- WORK REQUIRED
Copy word for word the line containing "Fuji Jari Steel" together with all lines following it to the end of the listing below, without the pictures.

- DATA
________________________________________
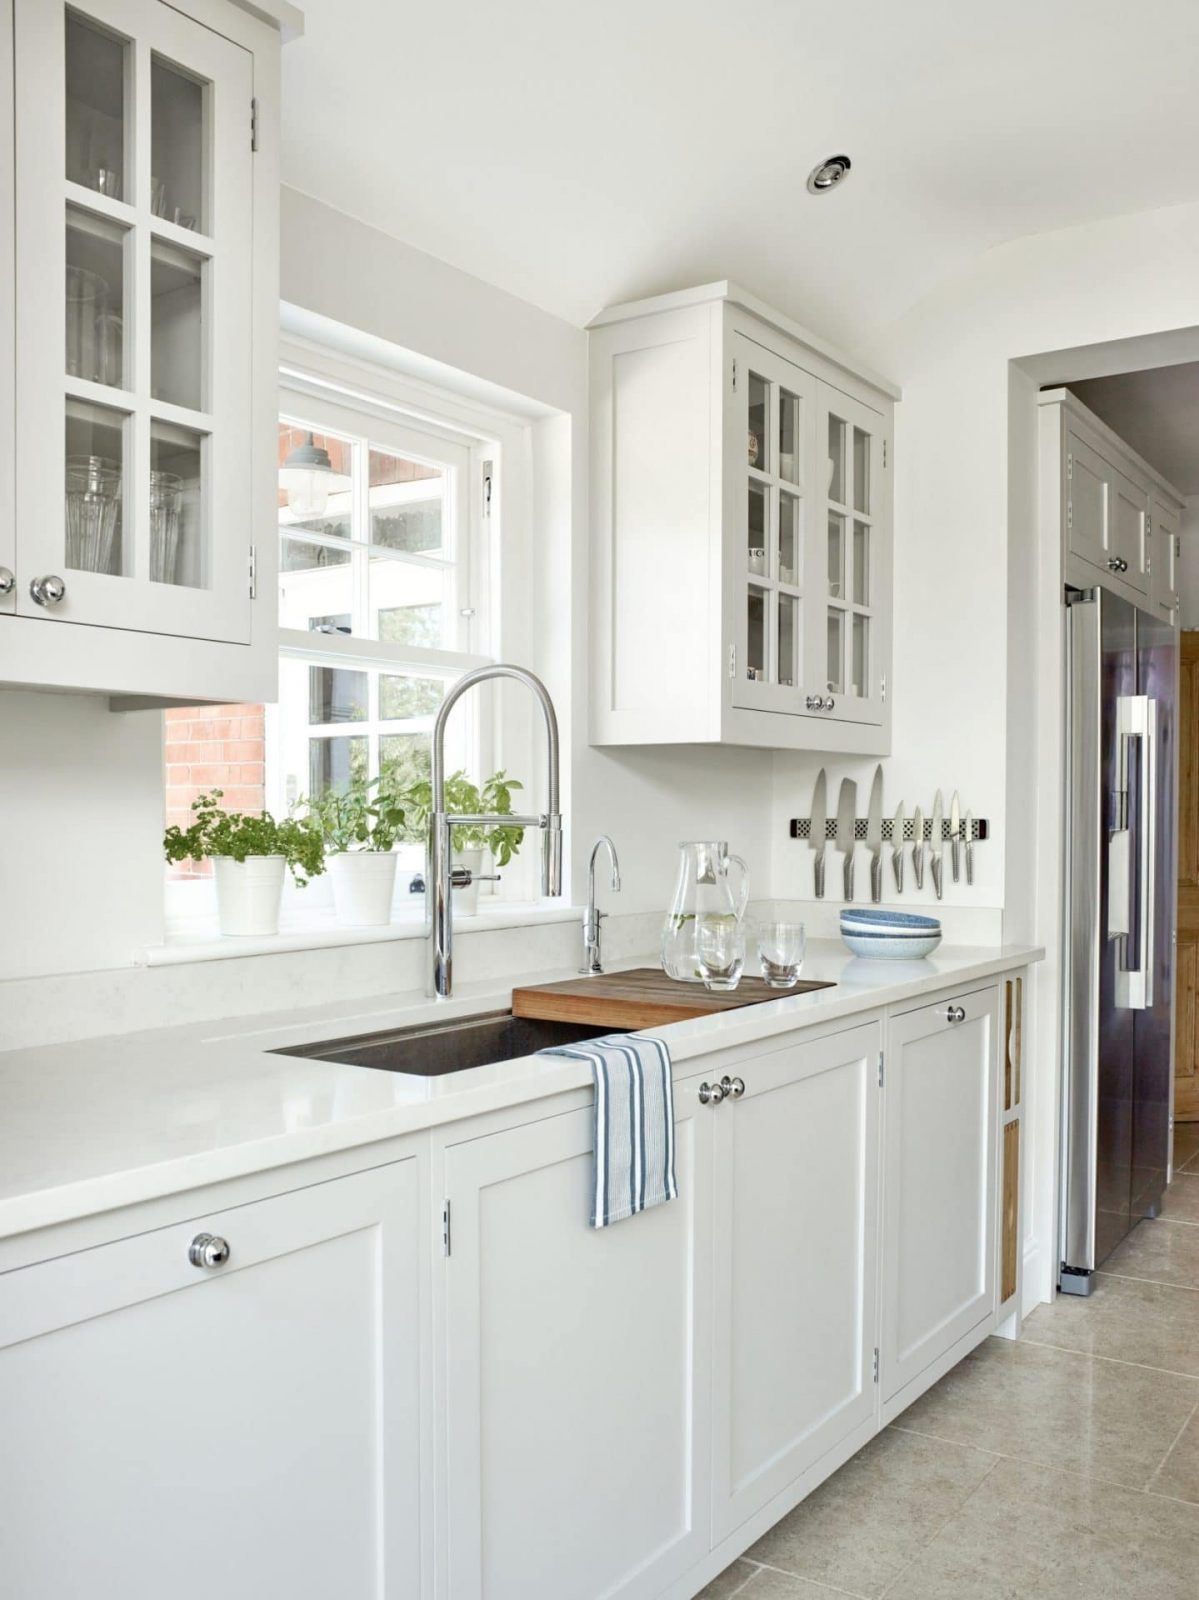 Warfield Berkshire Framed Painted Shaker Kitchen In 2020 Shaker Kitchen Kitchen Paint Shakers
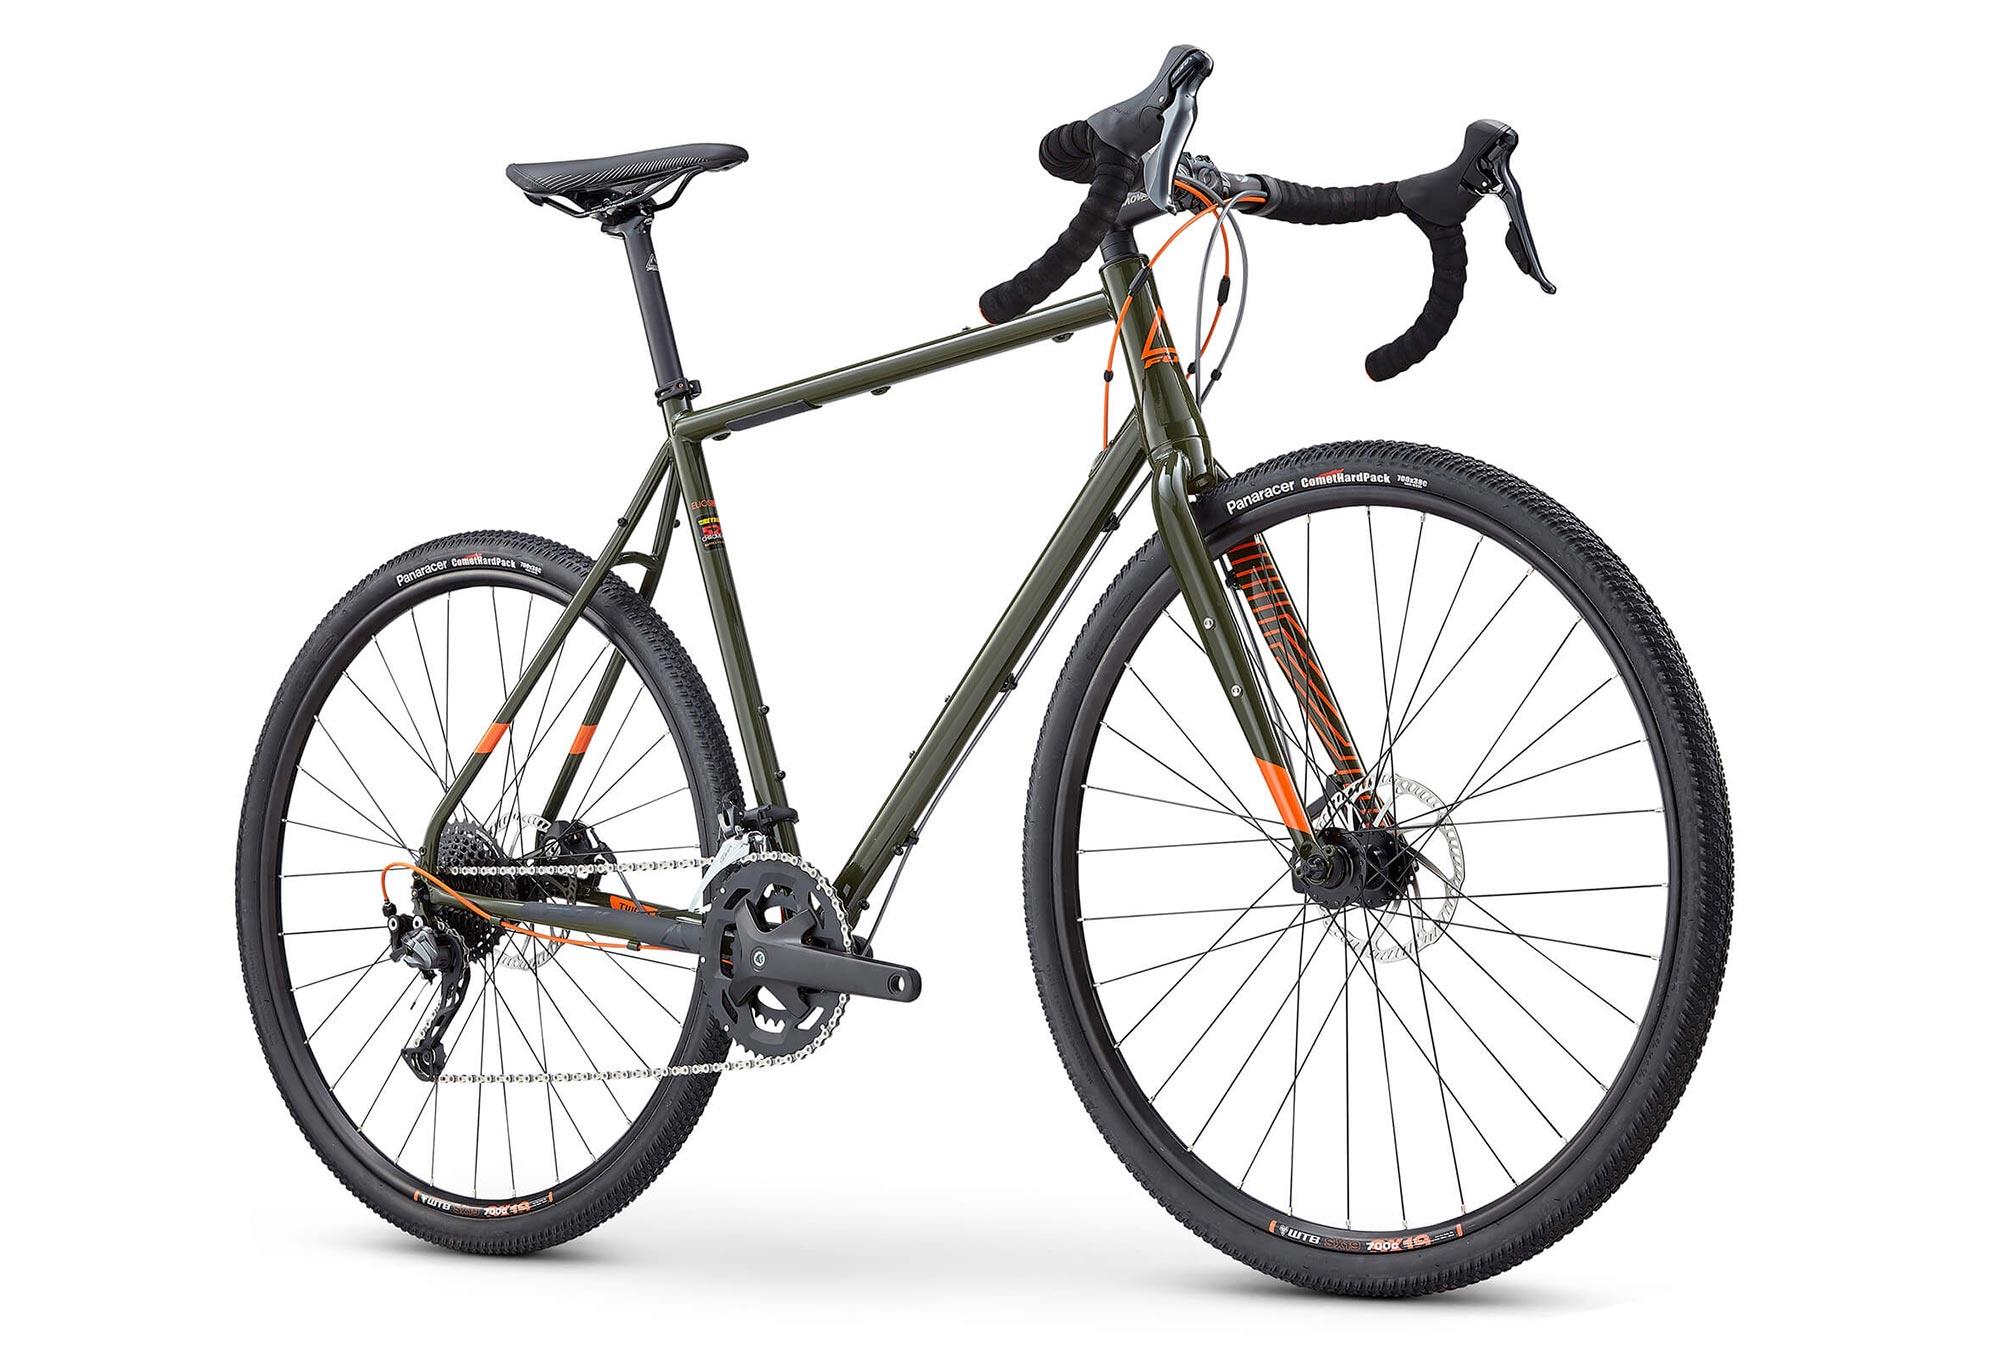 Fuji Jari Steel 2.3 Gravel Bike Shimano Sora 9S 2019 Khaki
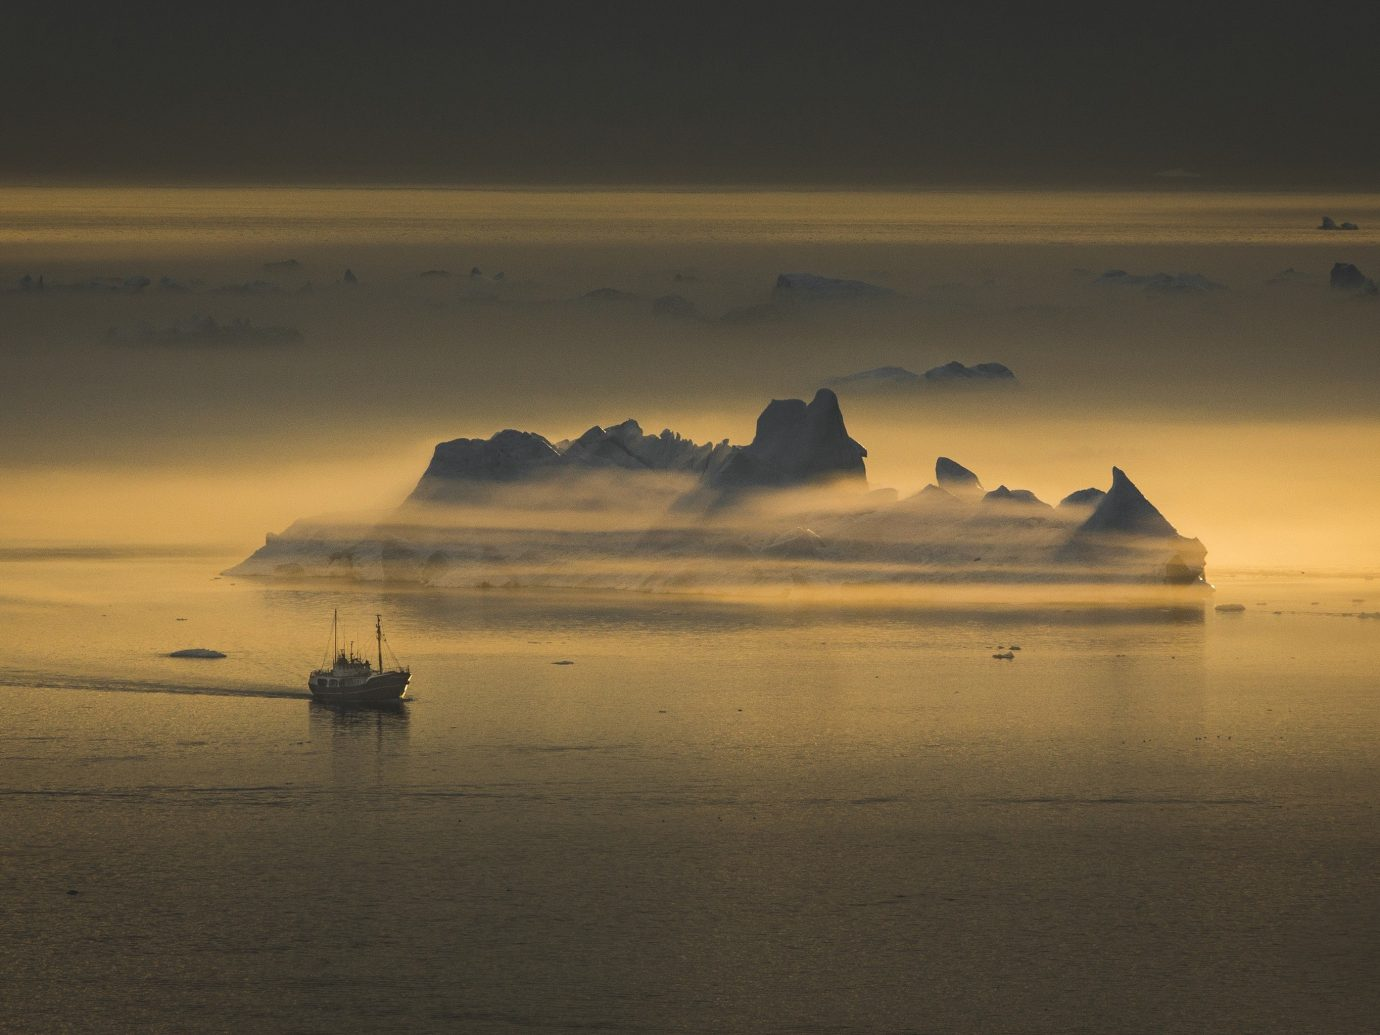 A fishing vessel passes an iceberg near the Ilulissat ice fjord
________________________________________
- SOLUTION TO THE EXERCISE
 Fuji Jari Steel 2.3 Gravel Bike Shimano Sora 9S 2019 Khaki
 A fishing vessel passes an iceberg near the Ilulissat ice fjord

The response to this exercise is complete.